Is it the start of a moral life when one really acts as though another life is just as important as one's own...

Perhaps the problem is in the axiom. Why the assumption that your own life is important? Why do self-important people think they have a right to go around trying to change other people's lives? They do it for their own ego, rather than for someone else's benefit.

Instead, if you understand that you aren't very important at all, and nothing else is really that important either, isn't it easier to give a gift? If nothing comes of it, no great loss, but if the gift means something good happens, you can appreciate it all the more.

The emphasis is truly changed to the other person. And isn't that what you said you hoped for in the first place?
posted by kablam at 5:52 PM on August 10, 2004


previous discussion here btw (although first link no longer works)
posted by obloquy at 8:10 PM on August 10, 2004


It is the start of a moral life when one realizes there is no distinction between self and nonself.
posted by fold_and_mutilate at 12:08 AM on August 11, 2004


morality is a set of rules. the start of a moral life is applying any set of moral rules w/o exception.

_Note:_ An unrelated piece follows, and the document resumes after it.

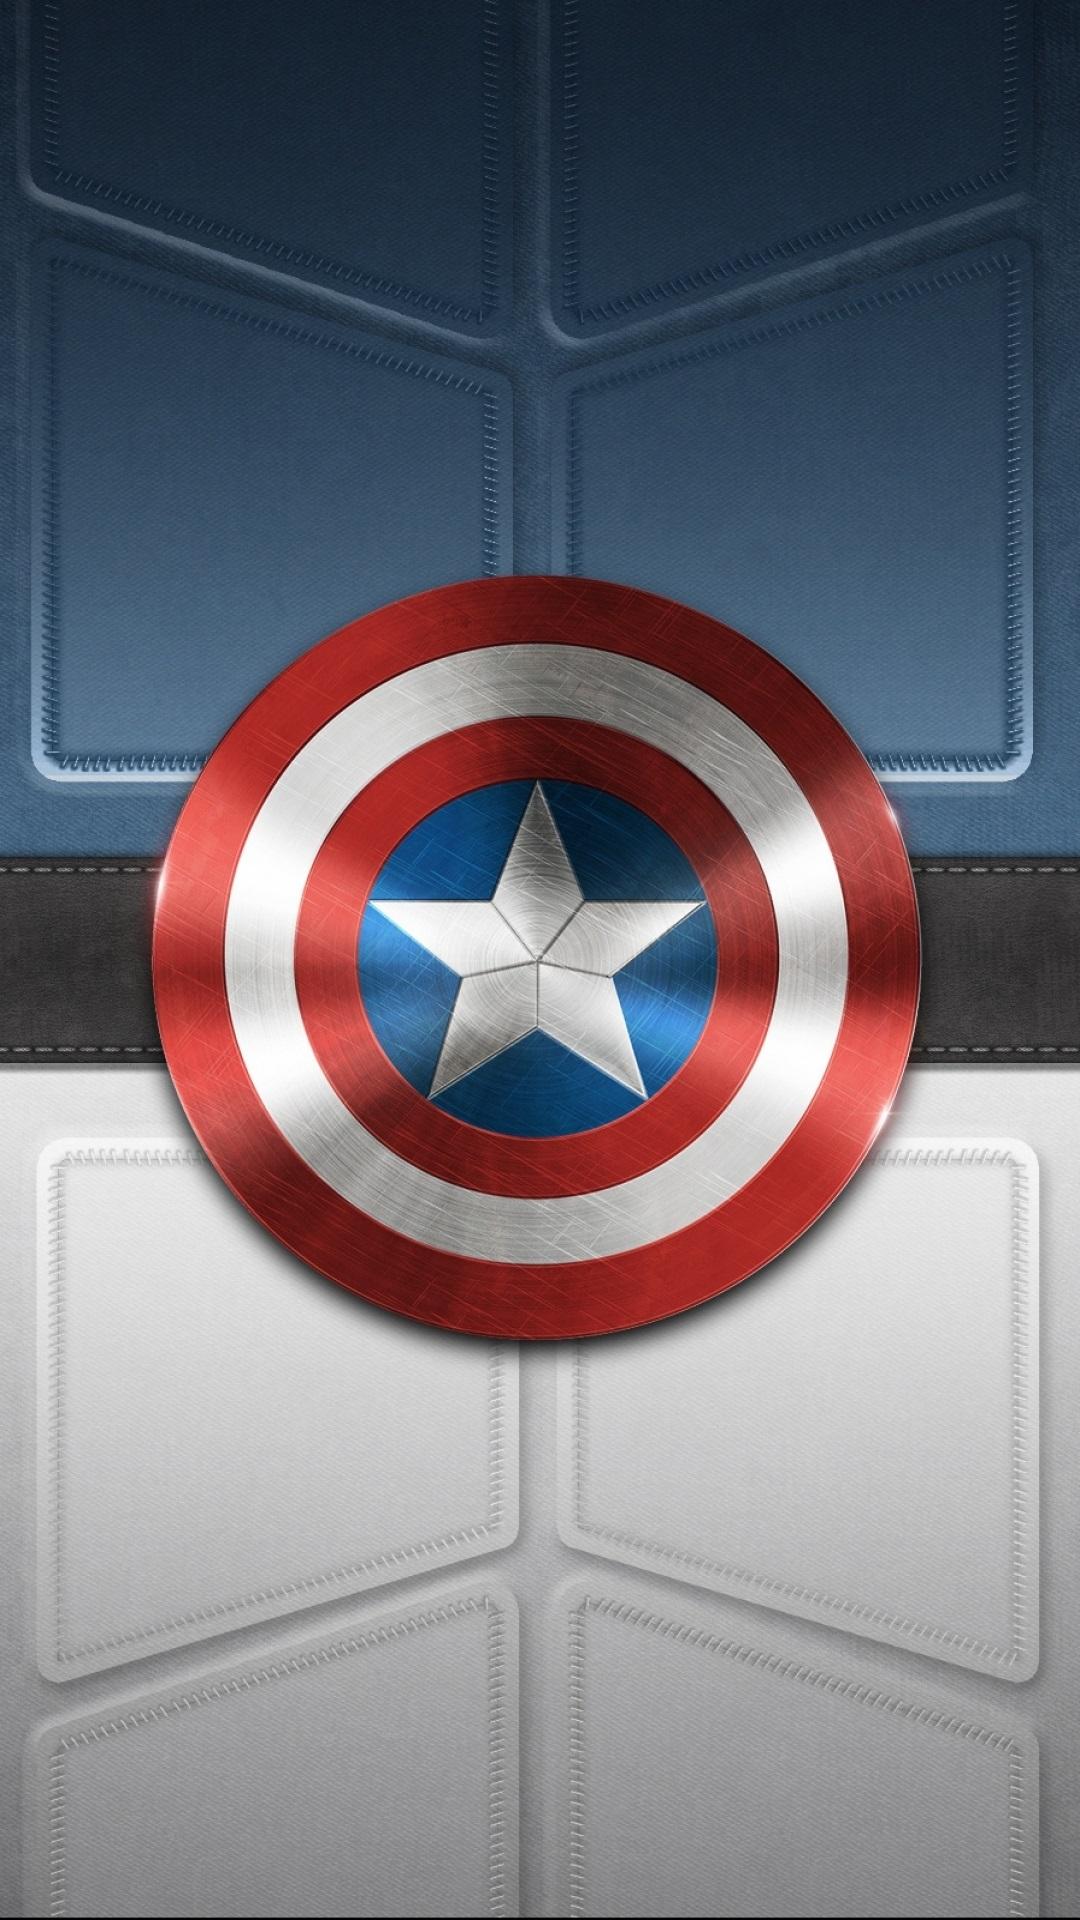 Iphone 6s Wallpaper Hd Quotes Captain America Iphone Backgrounds Pixelstalk Net

but morality isn't the be all end all...

When the Tao is lost, there is goodness.
When goodness is lost, there is morality.
When morality is lost, there is ritual.
Ritual is the husk of true faith,
the beginning of chaos.

everything does = 0. This is neither bad nor good, joyful or depressing.

This guy isn't any more or less moral than a pimp. He desires things. He sacrifices other things to appease those desires.
posted by ewkpates at 7:37 AM on August 11, 2004


He says that if the lives of others are equal to his, then he has a moral obligation to help other people. This can be reconciled by setting the "value" of life equal to zero - now everyone's life is worth equal, but no one's is worth bothering over.

See: Nihilism
posted by joquarky at 3:35 PM on August 11, 2004


A week later I came upon this article giving the medical perspective on "scrupulosity".